In one embodiment of the present invention, after treatment of mouse pancreas with the antibiotics KRM-60027, KRM-60036, KRM-60037, KRM-60042 and KRM-60049 of the present invention, changes in the hardness of the pancreas are graphically represented. It is shown. In one embodiment of the present invention, the mouse pancreas is treated with the antibiotics KRM-60027, KRM-60036, KRM-60037, KRM-60042 and KRM-60049 of the present invention, and then the change in the tensile force of the pancreas is graphed. It is shown by. In one Example of this invention, after processing KRM-60028, KRM-60029, and KRM-60030 which concerns on this invention to the pancreas of a mouse | mouth, a change of the hardness of a pancreas is shown with a graph. In one Example of this invention, after processing KRM-60028, KRM-60029, and KRM-60030 which concerns on this invention to the pancreas of a mouse | mouth, a change of the tensile force of a pancreas is shown with a graph. In one Example of this invention, after processing KRP-00001-KRP-00017 which concerns on this invention to the pancreas of a mouse | mouth, a change of the hardness of a pancreas is shown with a graph. In one Example of this invention, after processing KRP-00001-KRP-00017 which concerns on this invention to the pancreas of a mouse | mouth, the change of the tensile force of a pancreas is shown with a graph. In one Example of this invention, after processing the KRM-60077-KRM-60088 which concerns on this invention to the pancreas of a mouse | mouth, a change of the hardness of a pancreas is shown with a graph. In one Example of this invention, after processing KRM-60077-KRM-60088 which concerns on this invention to the pancreas of a mouse | mouth, a change of the tensile force of a pancreas is shown with a graph.

According to one embodiment of the present invention, a compound represented by the following Formula 1, a pharmaceutically acceptable salt or hydrate thereof is provided:
In Formula 1,
R is hydrogen or N (R ′) (R ″);
R ′ and R ″ are each independently hydrogen, a C _1-6 alkyl group or a C _1-6 alkenyl group;
R ₁ is hydrogen or a C _1-6 alkyl group;
The C _1-6 alkyl group of R ₁ is substituted or unsubstituted with R ₂ ;
R ₂ is selected from the group consisting of a C _1-6 alkenyl group, a C _3-7 cycloalkyl group, a cyano group, a C _1-6 alkyl group, a C _6-10 aryl group, —OR ₃ and —COOR ₄ ;
The aryl group of R ₂ is substituted or unsubstituted with halogen;
R ₃ is — (CH ₂ ) _m OR ₅ ;
m is an integer from 0 to 3;
R ₄ and R ₅ are each independently a C _1-6 alkyl group.

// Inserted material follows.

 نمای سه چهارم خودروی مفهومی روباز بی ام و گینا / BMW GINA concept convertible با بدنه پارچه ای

  According to another embodiment of the present invention, there is provided a pharmaceutical composition for soft tissue sclerosis comprising as an active ingredient the compound represented by Chemical Formula 1, a pharmaceutically acceptable salt or hydrate thereof.

  According to still another embodiment of the present invention, soft tissue sclerosis comprising as an active ingredient a compound selected from the group consisting of hydroxyquinoline compounds, derivatives thereof, pharmaceutically acceptable salts and hydrates thereof. Pharmaceutical compositions are provided.

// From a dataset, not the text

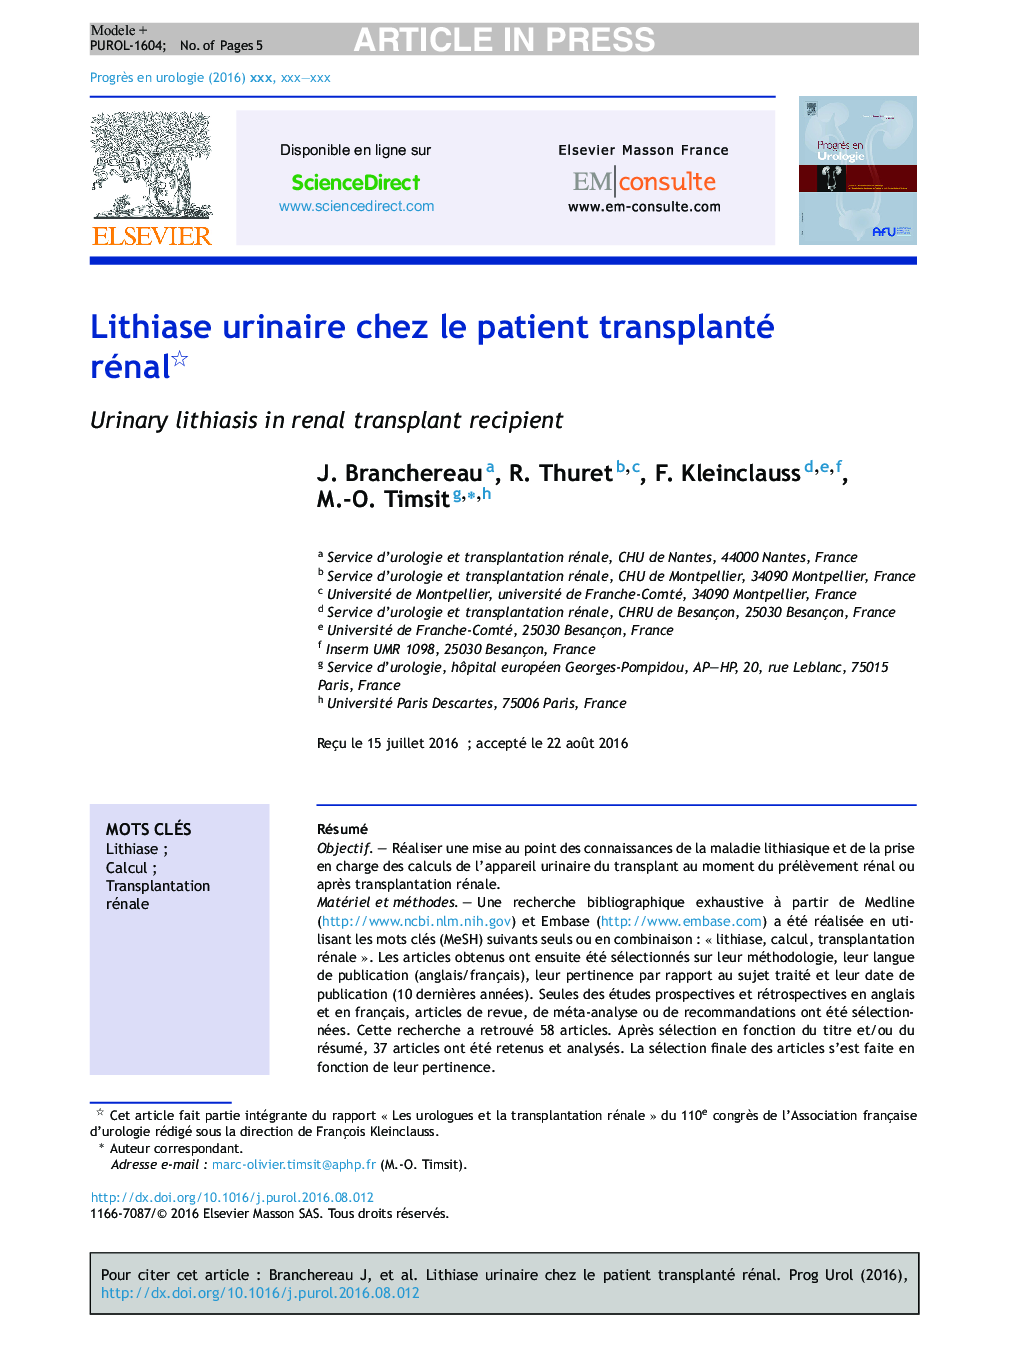 Lithiase urinaire chez le patient transplanté rénal

According to still another embodiment of the present invention, a soft tissue sclerosis comprising as an active ingredient a compound represented by any one of the following chemical formulas 2 to 9, a pharmaceutically acceptable salt or hydrate thereof: Providing a pharmaceutical composition for:

  Hereinafter, the present invention will be described in more detail through examples. These examples are merely to illustrate the present invention more specifically, and it is understood by those skilled in the art that the scope of the present invention is not limited by these examples by the gist of the present invention. It will be self-evident.

<Example 1: Selection of basic compound for synthesis of compound for pancreatic sclerosis>
In order to select a basic compound for synthesizing a compound capable of enhancing the function of pancreas, a total of 23 antibiotics shown below were prepared:

  More specifically, 3 mice were treated with each of the antibiotics shown above at a concentration of 1 mM, and as a control group, 3 mice were treated with phosphate buffered saline (PBS). . Then, comparing the tension and hardness of the pancreas of the control group mice not treated with antibiotics and the mice treated with antibiotics, select the antibiotics whose tensile force and hardness increased during treatment Thus, basic compounds were selected.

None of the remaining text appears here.